While it doesn’t rely too heavily on detailing a previous era, I’d argue that The Rules of Magic is fairly historically grounded, and certainly more so than Practical Magic. Reading the latter — published in 1995 — you have a sense that, despite its geographical clues, the story occurs off in some abstract story universe somewhere. With the crazy aunts and the magical garden and the spells and the strange girls who never quite belong anywhere. It’s a bit of a fairy tale. Contrarily, this novel is very much involved in its setting and in its general social climate. While the novel bears no direct links to the present, I can’t help but get the sense that here, in this moment, this post-Recession, mid-political-Apocalypse, sexual predatory shit storm of a moment, while we watch rights and freedoms that one assumed (falsely) had been taken care of in previous generations dissolve right before our eyes, no novel really has the luxury of feeling as though it could be anywhere and everywhere. We are so stuck in the dense reality of our own time that even in the realm of fiction, we are not as willing to grant ourselves the a certain kind of dreamy placelessness and timelessness. Being Hoffman, it’s still in the realm of magical realism, but the emphasis is a bit more on the real this time around.

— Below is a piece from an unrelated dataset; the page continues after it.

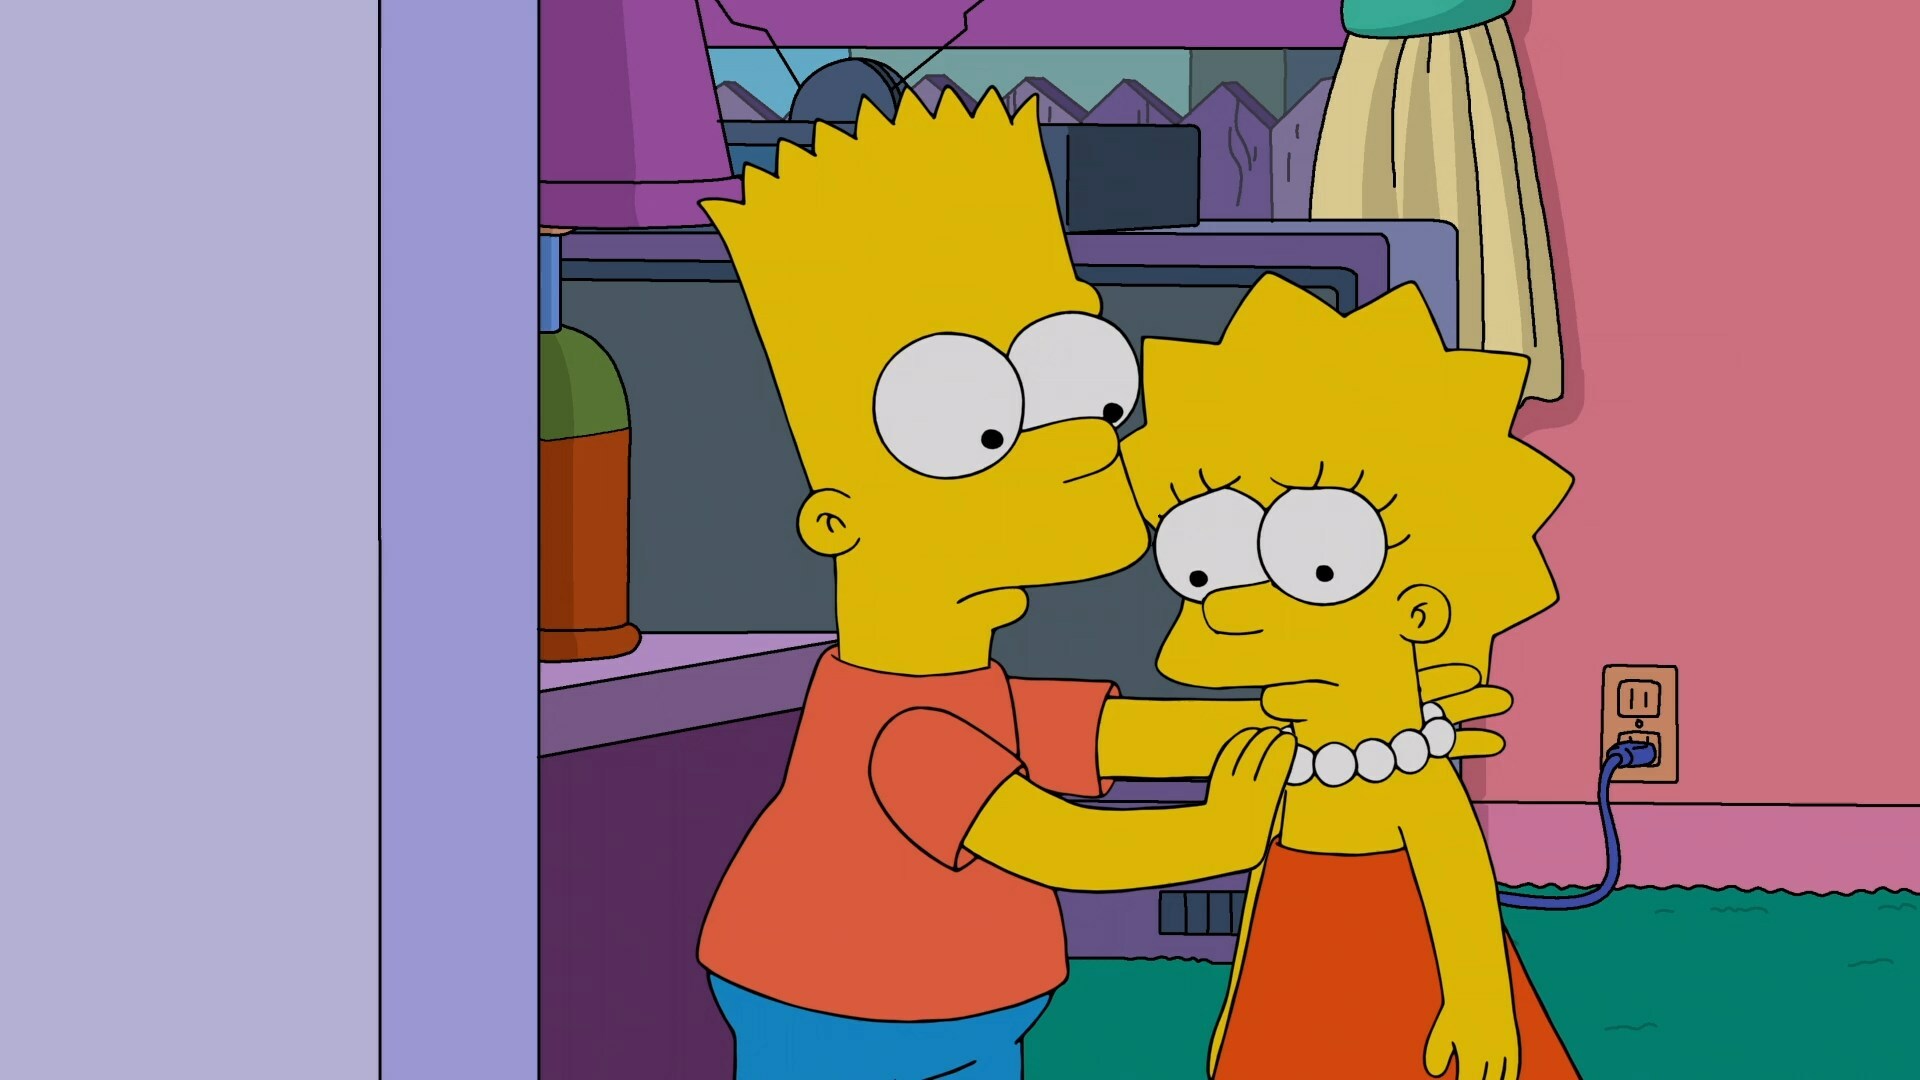 The.Simpsons.S33E02.WEB-DL.1080p.Ukr.Eng.[Mazepa].mkv_snapshot_10.30.630.jpg

Another way in which this novel simply feels larger than the other is that (to put it bluntly) Franny and Jet are more interesting characters. Sally and Gillian, the sisters of Practical Magic, always felt to me more of a pure dualism, an abstract exploration of opposites, two people who were who they were because of their tension. But Franny and Jet are people that you spend a whole book getting to know. Of course, they do have their distinct differences — Franny’s penchant for the scientific and Jet’s whimsy and romanticism, which create a magnificent trio along with Vincent’s brooding magical existentialism. But they are very much individuals, and part of their character development is seen in their various reactions to the Owens family curse, which, of course, is a fabulous fictional ruse meant to explore the ways in which we all react to love and the ensuing pain that it brings. Jump in head first? Proceed with caution? Reject entirely? The acceptance or denial of love — both familial and romantic — shapes everything in the lives of these three siblings.

Perhaps the best part of the novel is that all of Hoffman’s side characters — even the parents who serve as little more than plot-furthering buzzkill — are so interesting that you want to know more about them. Probably the best example of this is cousin April (grandmother to little girls Sally and Gillian who show up at the end of the book, where the plot to Practical Magic begins), who is a snarky and somewhat disturbed genius of a teenage girl. Mainly, she shows up in order to make a baby (thus producing the line that serves as the bridge between the two novels) and also to provide some necessary tension in the relationship between Franny, Jet and Vincent. (Let’s be honest, otherwise, the siblings just get along too well.)

But rather than leaving the book feeling that you’ve missed out on all these interesting side stories, you get the sense that they’re there waiting for you. What was April’s life like in Bohemian California as the unwed mother of little Regina? What’s Aunt Isabelle’s story? And, most obviously, what kind of life does Vincent live after he leaves? There are at least eight more books to be written around the Owens family, and I, personally, am holding out hope that we haven’t seen the last of them.